Platform For Emergence – Users Sketching Experiences
By providing the conditions and tools within objects themselves we can create an open platform for naturally unfolding semantics. If we are to create a language of form and movement, then its core elements should embrace the emergent nature of meaning.

Embracing emergence requires an object to have a recognition and memory of what happens around them, building a history or narrative of change. In addition to expressive capabilities and the ability to build on the past, these forms should have the plasticity to allow transformation in all of its capabilities to adapt to people in the present. A form will be able to observe the world around it, but human participation with it will continually re-define what it is, to re-contextualize the purpose of its form, expanding the experiences it may elicit. These forms should be aware of this process of emergent meaning if they are to be deeper participants of social practice. The forms that comprise our objects and spaces are igniting a new dialogue when they explicitly become a form of media and interface. Building a living framework of consideration, by engaging in an inquiry around the proprieties and impact of such a platform of dialogue will be helpful in determining which capabilities are most necessary.

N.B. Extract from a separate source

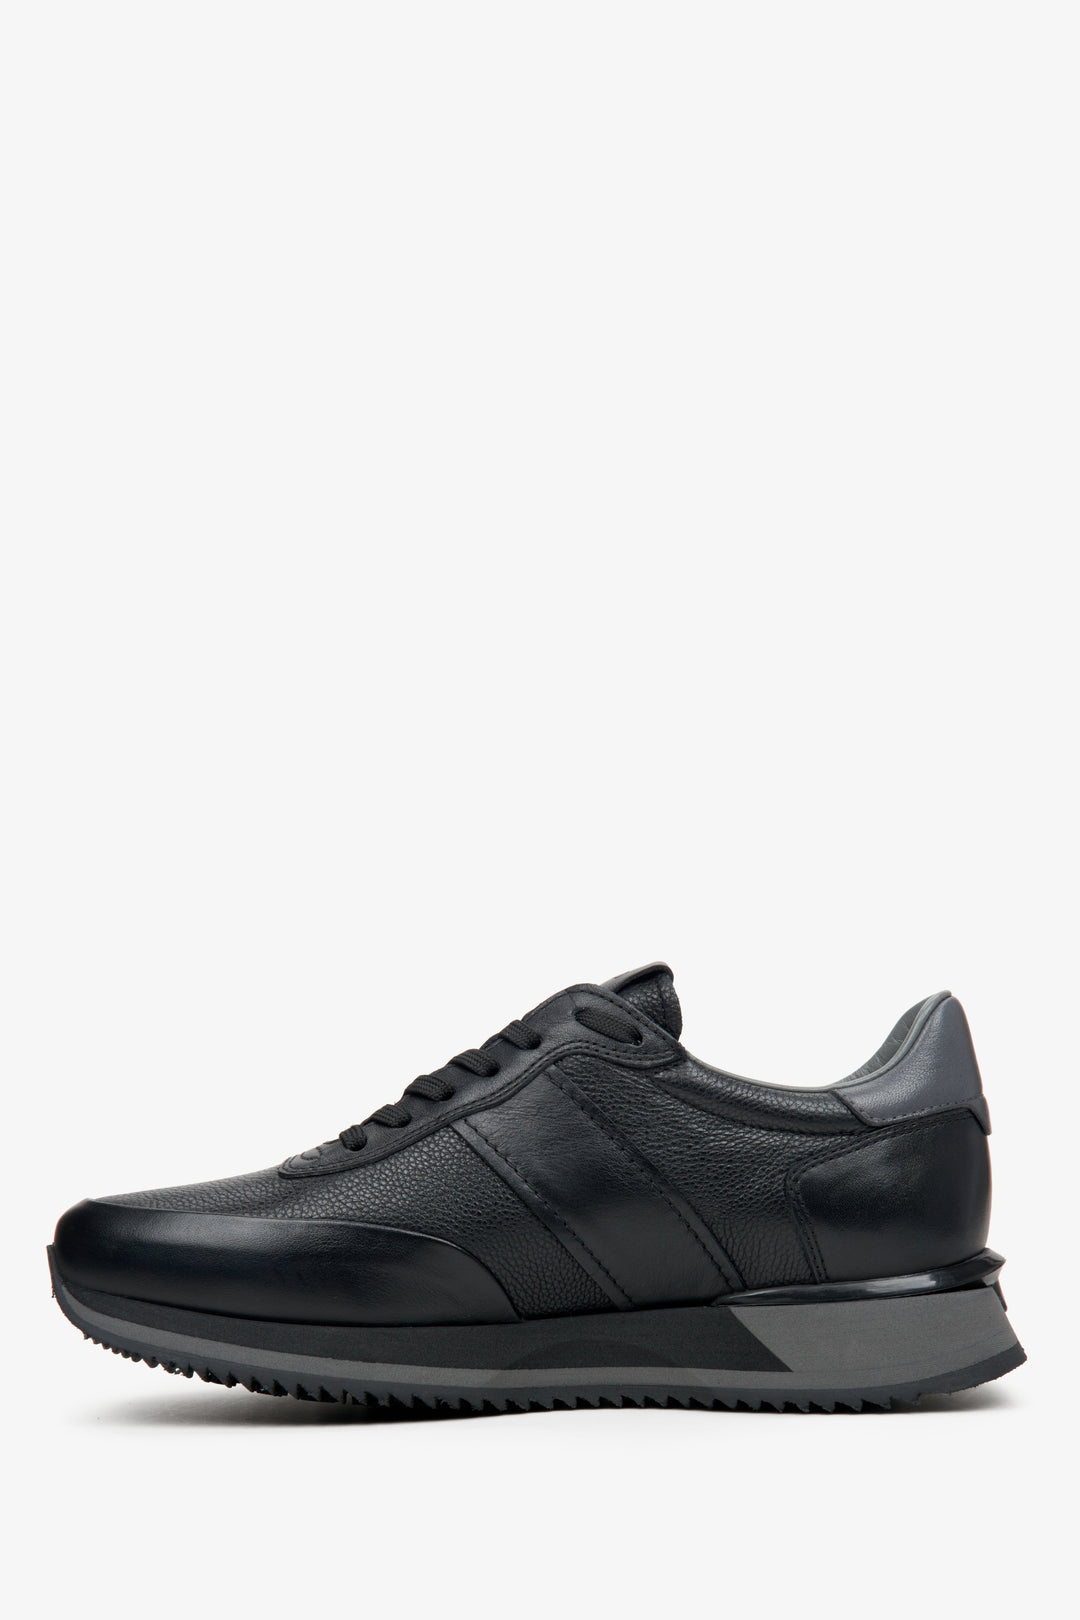 Men's low top black sneakers by Estro - shoe profile.

As we create enabled and communicative forms that comprise our objects and spaces, we will require an equal consideration of both the digital and the physical aspects. The new method should consider relationships that are happening between things and people in spaces. The attention and sensitivity we prescribe to physical representation and expression of associated meaning has to be directly proportional to that which we devote to the sensing, processing, understanding, storing and sharing in the ecology of meaning surrounding it. This language will enable a new spectrum of authoring and expression of meaning. The following are characteristics of expressive forms that should be considered:

• Awareness and Memory
• Expression and Literacy
• Transformation: an element that is pervasive in all the others

Awareness and Memory
We leave traces of ourselves behind as every moment passes. Streams of gestures, wafts of pheromones, a wake of heat, a dynamic gait emanating a chorus of continuous audio. This species of media is the most valuable; it is the unfolding map of ones self. When these individual maps are read on a larger scale it is the Map of Us, it is the combined interactions and behaviors of communities of people that illustrate underpinning motivations, intents, and shared meanings. Objects, equipped with the culmination of several maturing and emerging technologies, including sensing technologies, have the potential to seek the meanings of our traces, and observe their composition and morphology over time. This raises the opportunity for objects to be cartographers of experience, to be moment hunters and stenographers, seekers of the zeitgeist of place.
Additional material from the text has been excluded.